Hello, my name is Rose.

My son Christopher Revolution was diagnosed with SMA type-1 just two weeks after his birthday on May 2nd, 2024. Spinal Muscular Atrophy is an extremely rare genetic disease that can be deadly, and often leads to lifelong impairments such as inability to walk, stand, use the bathroom without assistance, or care for themselves in a variety of ways.

I have always had muscular/skeletal problems myself, but I have been left undiagnosed despite seeking medical attention. Apparently, Christopher’s father and I both were carriers for SMA. Christopher has SMA type 1 - the most severe form of SMA.

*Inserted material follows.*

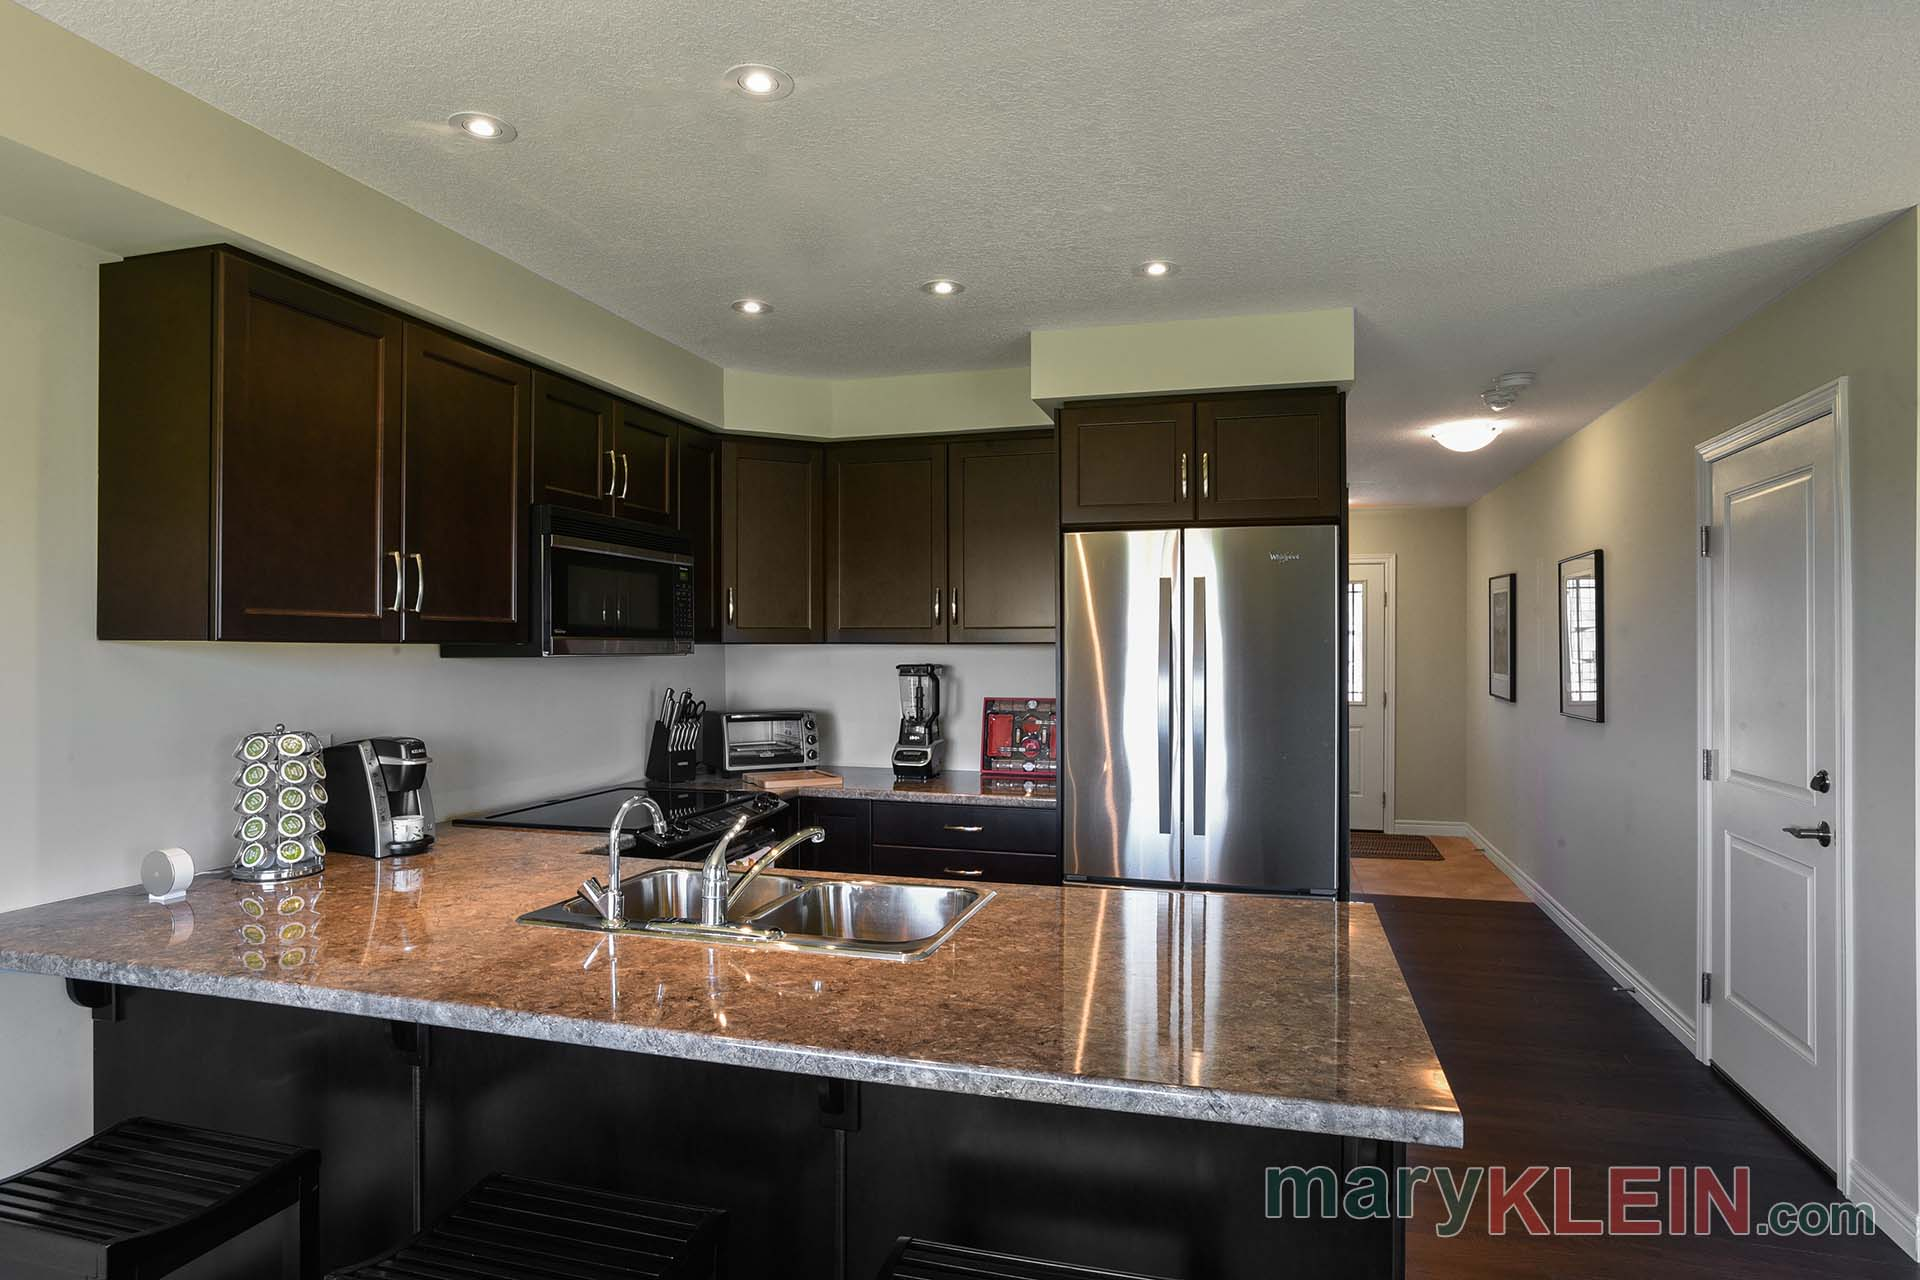 Kitchen, Pot Lights, breakfast stools

LUCKILY because Christopher is under 2 years old, we were able to receive treatment quickly at Stanford Children’s Hospital on June 20, 2024. This was a six-hour process in which he received an IV infusion of the new drug Zolgensma. Luckily, our insurance Medi-Cal is helping out with most of the hospital and travel expenses. However, there are still expenses left that fall on me. I am requesting help for a new/used reliable car to make it to all of his doctor and lab visits.

Doctors and researchers are still learning about SMA and finding ways to treat this life-threatening disease. Before just 2 years ago there was no way to test for this condition, we would have had to wait until symptoms were noticeable.